The endorsement came from professor Charles Fried, the Law School’s best known conservative and an academic who served as solicitor general from 1985 to 1989 and as a judge from 1995 to 1999.
As solicitor general, the United States’ chief legal advocate, Kagan would represent the U.S. government before the Supreme Court and other federal courts. The United States is party to about two-thirds of cases brought before the high court.
Kagan served on the faculty of the University of Chicago Law School with Obama in the early and mid-1990s.
Though Kagan has never argued a case before the Supreme Court, Fried said that her lack of experience before the court is secondary to her time at the Law School.

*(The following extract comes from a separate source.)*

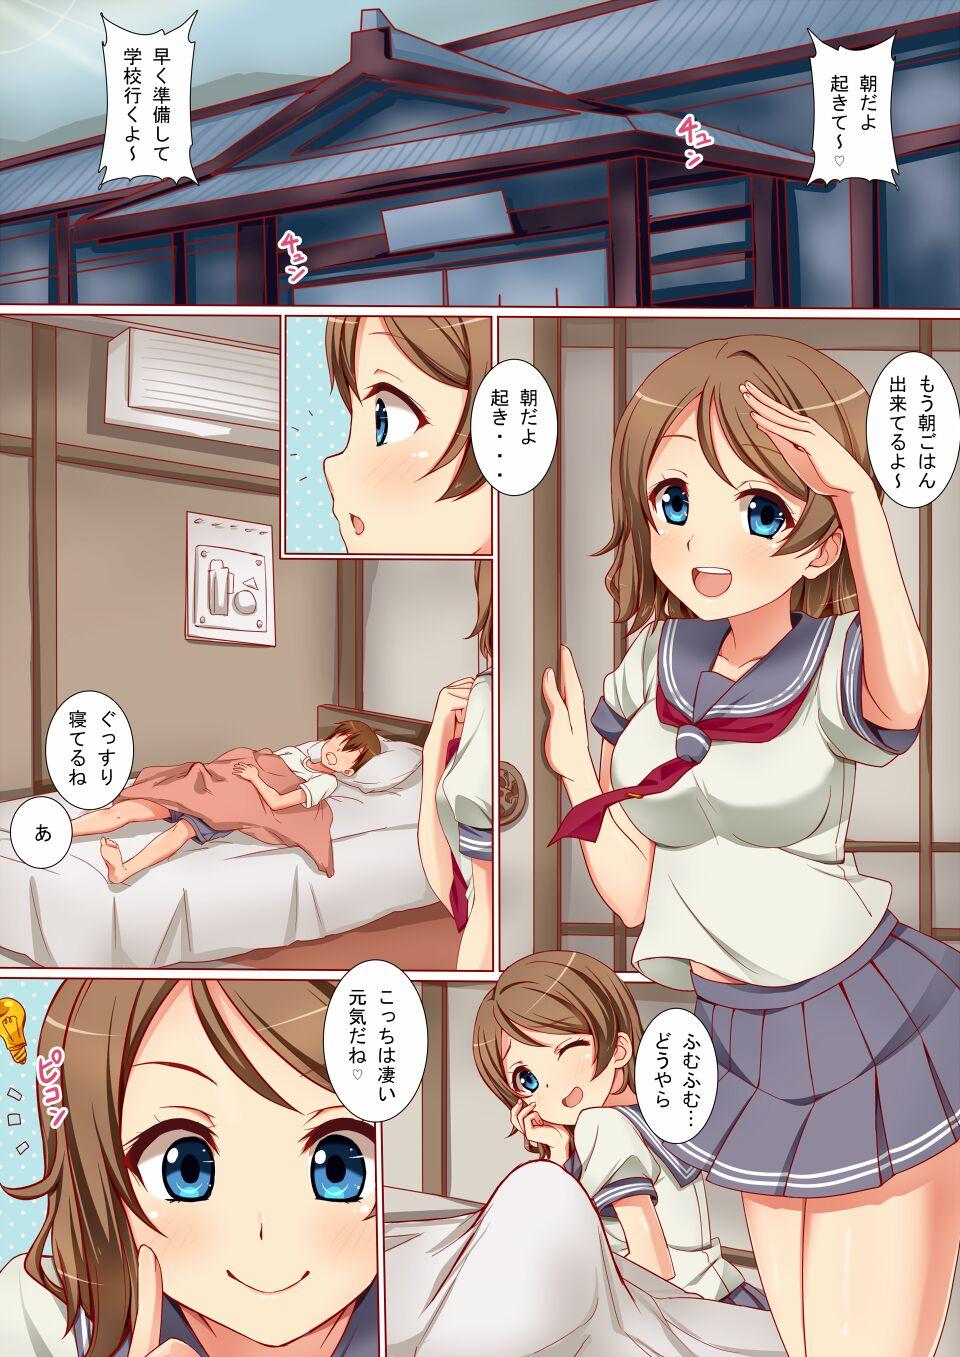 Black Morning flirting between two people - Love live sunshine Wet Cunts - Page 2

“Several hundred Harvard Law students are about as tough an audience as you can get,” Fried said.
During her time at the Law School, Kagan has taught constitutional and administrative law. She became dean after just two years as a full professor, succeeding Robert C. Clark as dean in 2003.

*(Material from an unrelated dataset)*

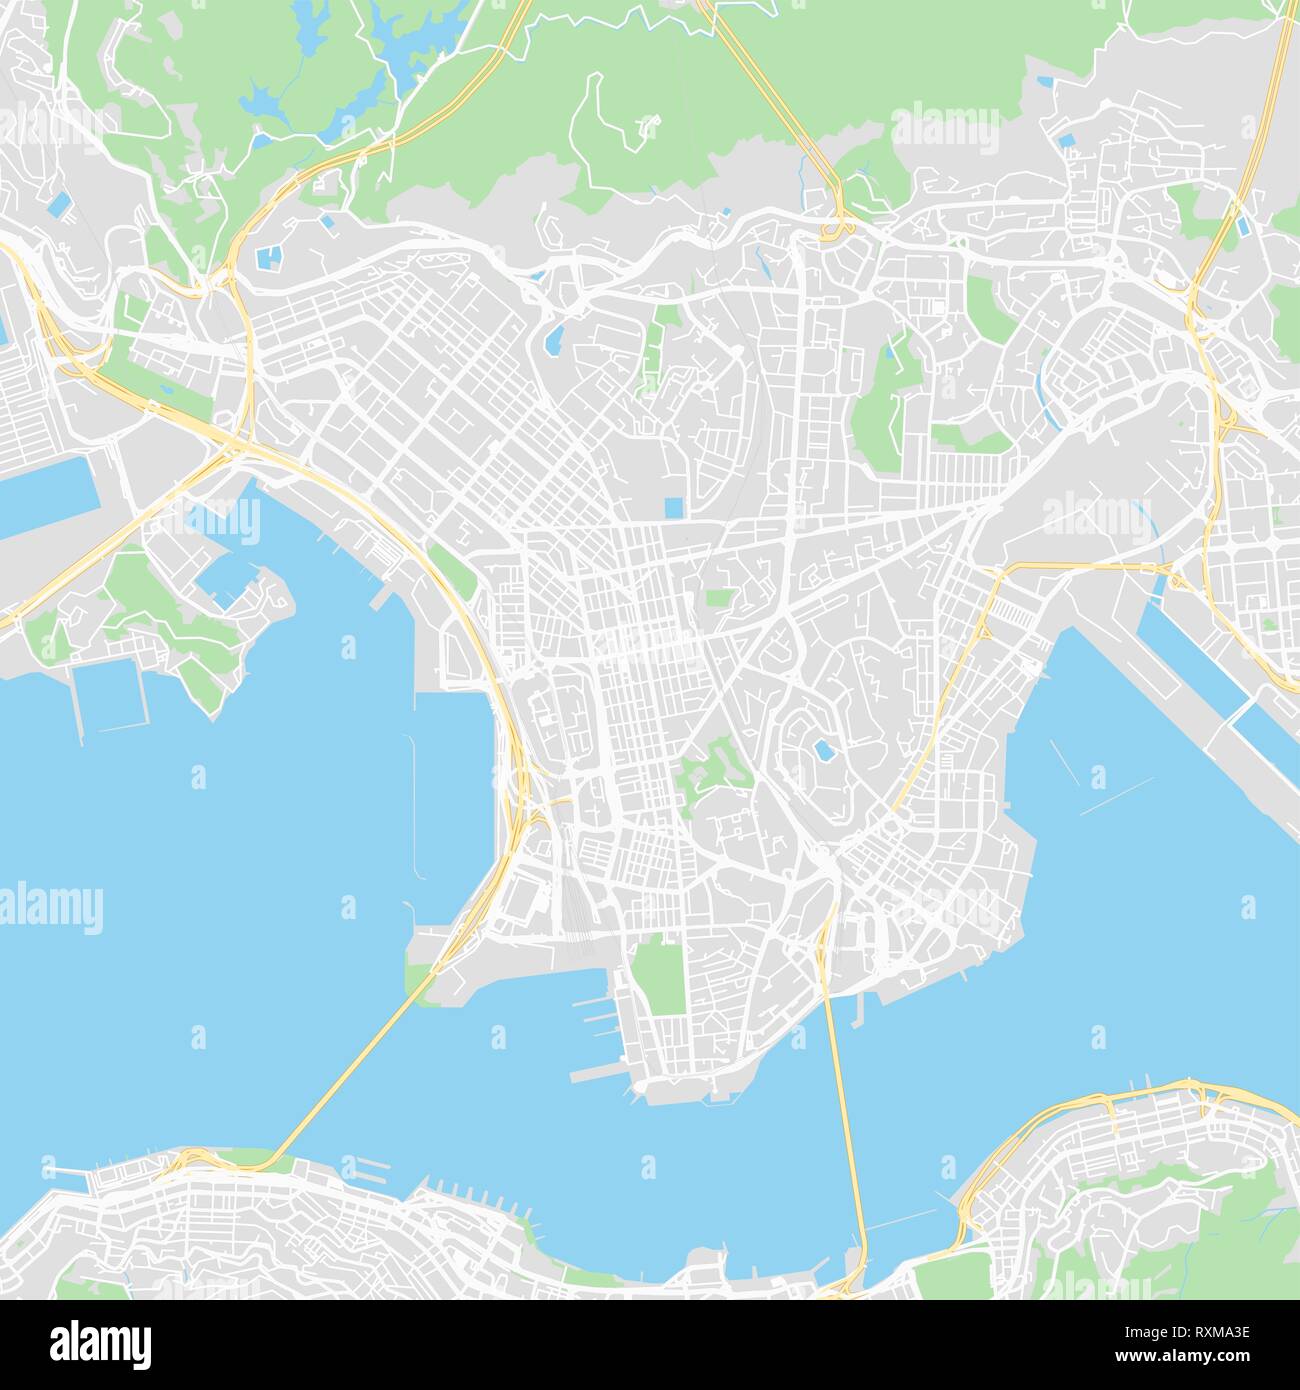 Downtown vector map of Hong Kong, China. This printable map of Hong Kong contains lines and classic colored shapes for land mass, parks, water, major  Stock Vector

Kagan has received praise for record fundraising, winning approval for significant changes to the first-year curriculum, and poaching distinguished law professors like Chicago’s Cass R. Sunstein ‘75 and Stanford’s Lawrence Lessig.
“I’m happy for her but sorry for us,” Fried said. “She’s a very hard person to replace.”
Kagan clerked for Supreme Court Justice Thurgood Marshall and U.S. Appeals Court Judge Abner Mikva before serving as a domestic policy adviser under President Clinton.
During their time at the Law School, which did not overlap, both Kagan and Obama served as research assistants to constitutional law professor Laurence H. Tribe ‘62, who in recent years has generously praised Kagan and emerged as a close adviser to Obama.
Kagan did not respond to requests for comment, and officials from Obama’s transition office declined to comment.